Thursday, 9 January 2020

Solar projects Nigerian Experience - SmithsShopRite



Nigeria’s Solar Projects Yield Both Failure and Success

Solar power offers hope to villages that lack electricity, but Nigeria's experience shows that it won't work without adequate investment and care

Five years after its installation, a state-sponsored solar project at the Nigerian village of Bishop Kodji is not functioning. Below, children labor in the surrounding waters. It was hoped the photovoltaic system would power water pumps and fish driers in the tiny fishing and boat-carving community.
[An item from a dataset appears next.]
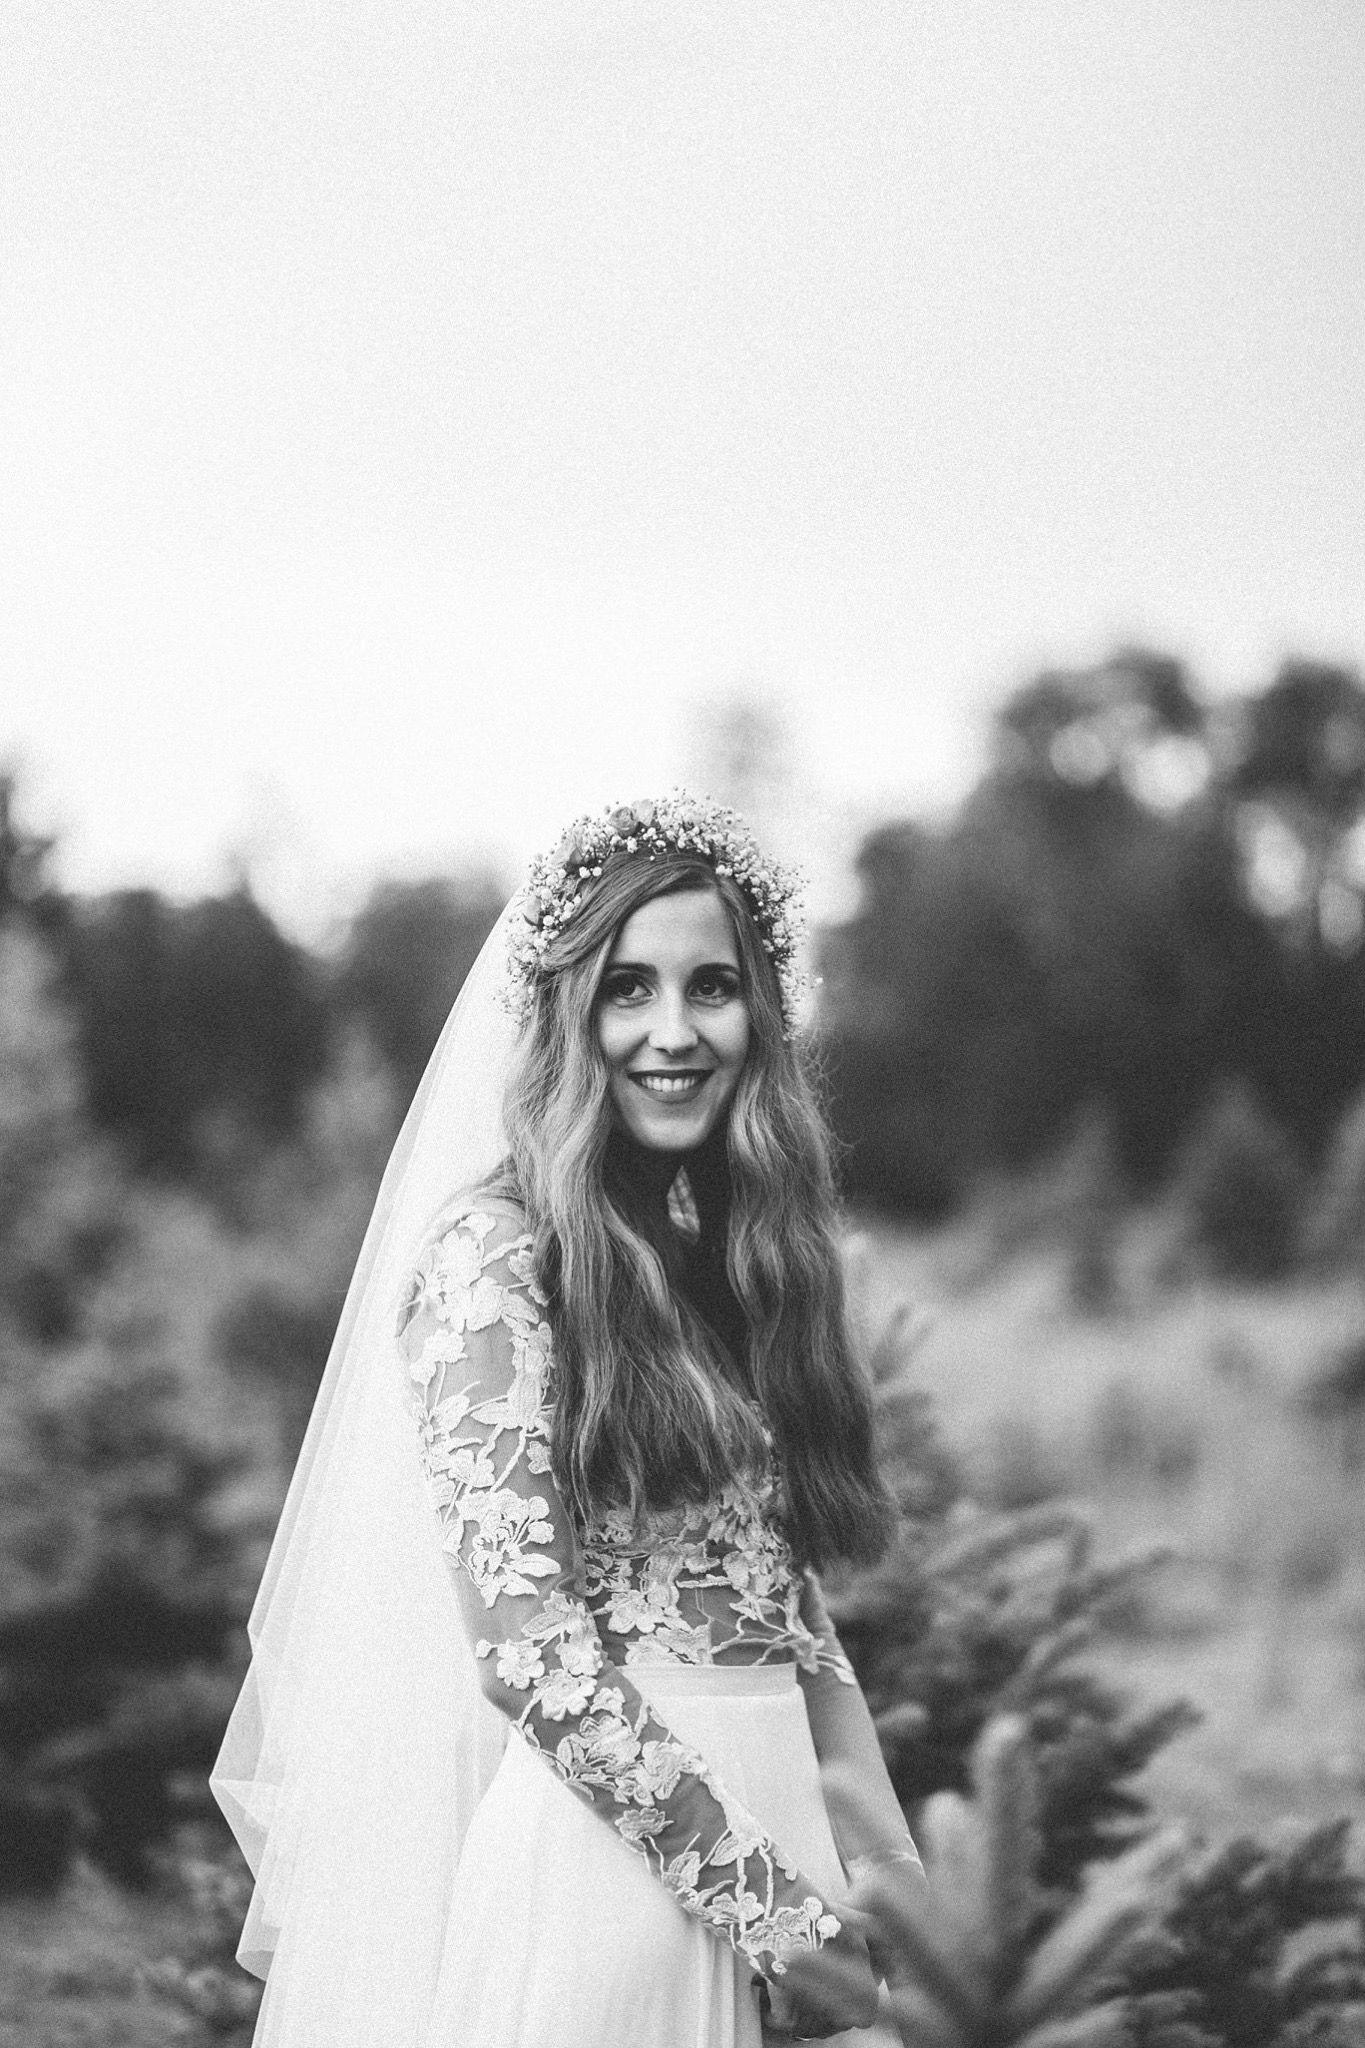 eskuvo-classic-balintsara-menyasszonyi-ruhatervezo-eskuvoi-ruha-eco-eskuvoi-ruha-215-10

In the shadow of Nigeria's business capital, Lagos, where some of the richest Nigerians live, lay the Onisowo lands.  On an island in Lagos Lagoon, (map) Onisowo is 15 minutes west by water from the prestigious Ikoyi Boat Club, where the wealthy dock their yachts, and 10 minutes east of the private beaches Ibeshe and Ilashe, where they weekend.

Despite its prime location, the island is far removed from robust development elsewhere in the country.
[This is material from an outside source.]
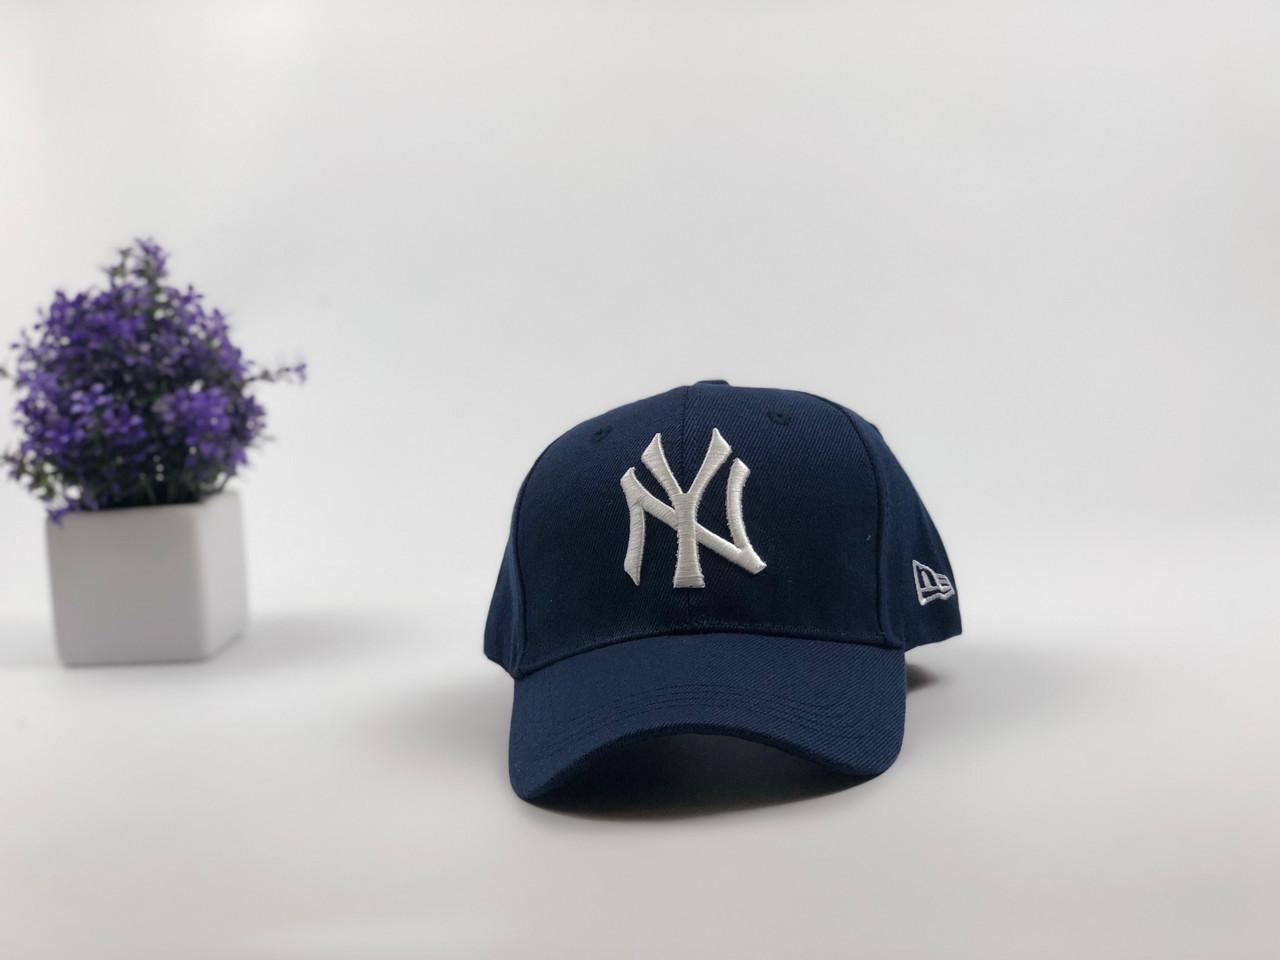 Кепка бейсболка New York Yankees (темно-синяя)

Five years ago, the Lagos state government launched a solar electrification project at the Onisowo village of Bishop Kodji-the first of its kind in the state. The project was built to power water pumps, fish driers, and street lamps, giving the tiny fishing and boat-carving community's 5,000 residents easier access to drinking water, securing their sandy streets, and strengthening the oceanic island's fishing economy.

Things didn't go as planned.

"We don't know what's going on," said Azime Anthonya traditional leader in Bishop Kodji. "It only worked for about three months, then it stopped. All the places where we are supposed to have light are dark and they never came back to try to fix any of it."

(Related: "Can Solar Save Us?")

The solar system breakdown in Bishop Kodji is just one example of the failures that have typified energy delivery in Nigeria. Nearly 70 percent of people in the West African country do not have access to the national power grid, and the 30 percent who do have access cannot rely on steady power. While the federal government develops and extends the national grid, state governments have increasingly sought alternative energy sources-such as the Bishop Kodji solar project-to meet the shortfall.

What is the way forward.

We propose the following:

1. There must be community help technical entrepreneurs that can come to such communities for a reasonable fee.

2. There must be government private solarpreneur partnership to maintain such services.